Nejc Pečnik (born 3 January 1986) is a Slovenian professional footballer who plays for Dravograd. Primarily an attacking midfielder, he can also play as a winger or forward.

He represented Slovenia at the 2010 FIFA World Cup. Prior to that, he had been directly responsible for Slovenia's successful qualification to the tournament as he scored an away goal against Russia in the 2010 World Cup qualification playoffs.

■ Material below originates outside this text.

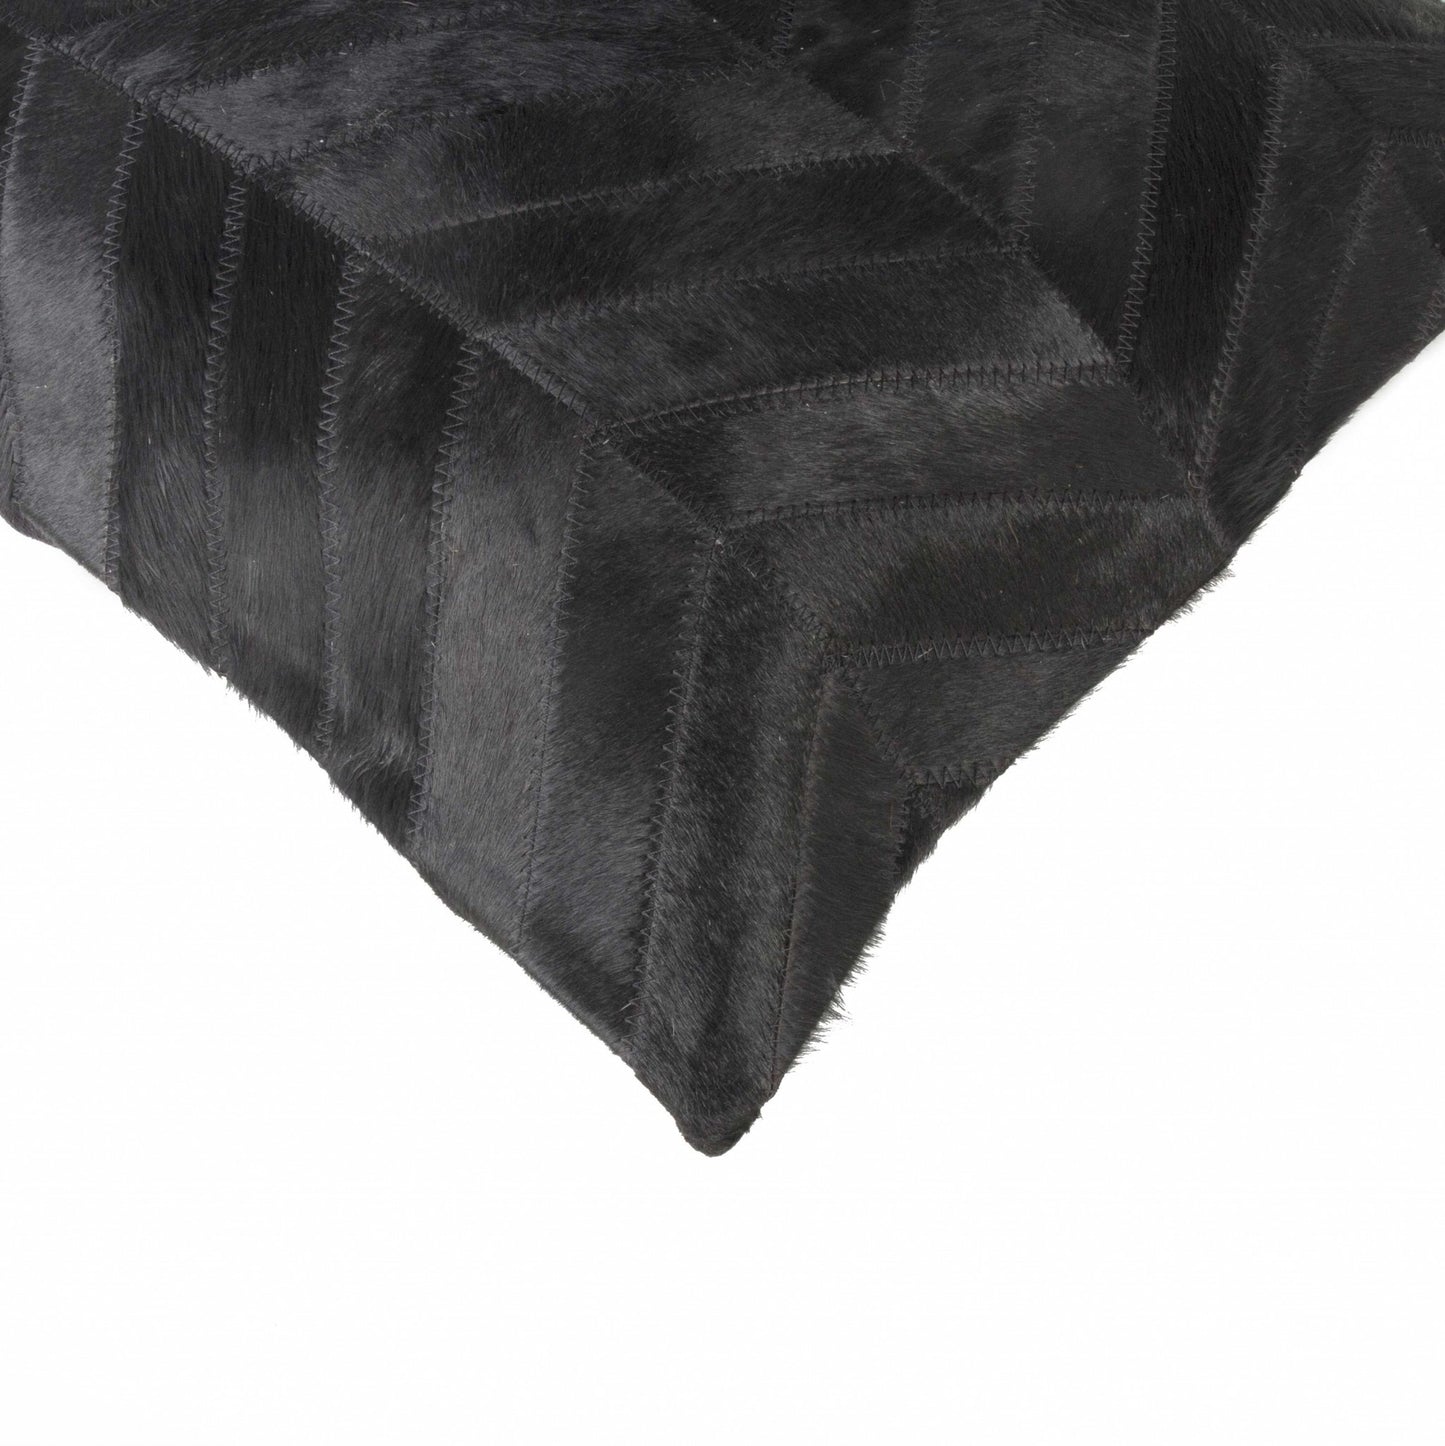 18" X 18" X 5" Black And Natural  Pillow

Pečnik's older brother, Andrej, is also a former professional footballer.

Club career

Celje
Born in Dravograd, Slovenia (then part of Yugoslavia), Pečnik started his career at hometown club Dravograd. After showing promise in its youth teams he was signed by Celje, making his first division debut on 24 April 2004 against Ljubljana.

The following year Pečnik played in only seven league matches, adding a few cup appearances including the final against Gorica. In the 2005–06 season he managed to gain a regular place in the first team, eventually establishing himself as a key offensive player.

In 2007–08, Pečnik was Celje's top scorer with 14 league goals. After five seasons he was loaned out in June 2008 to Sparta Prague, but appeared rarely with the Czech first division outfit during his six-month stay, spending most of his time with the reserve squad.

Nacional
After a further 15 league games with Celje, Pečnik signed with Nacional of Portugal. On 16 July 2012, after three seasons of irregular playing time, also being loaned to Russian club Krylia Sovetov Samara for five months, he signed a two-year deal with Sheffield Wednesday in the Football League Championship.

Sheffield Wednesday
In his official debut with the Owls, on 12 August 2012, Pečnik missed a penalty and was booked before half-time, as his team trailed at Oldham Athletic 2–0. He played the full 90 minutes in an eventual 4–2 win for the season's Football League Cup.

Pečnik was released by Wednesday at the end of his only campaign.

Red Star Belgrade
On 1 July 2013, Pečnik agreed a two-year contract with Serbian side Red Star Belgrade. He scored  his first goal for Red Star against ÍBV in the second qualifying round of the 2013–14 UEFA Europa League.

International career
Pečnik made his debut for the Slovenia national team on 1 April 2009, in a 2010 FIFA World Cup qualifier against Northern Ireland.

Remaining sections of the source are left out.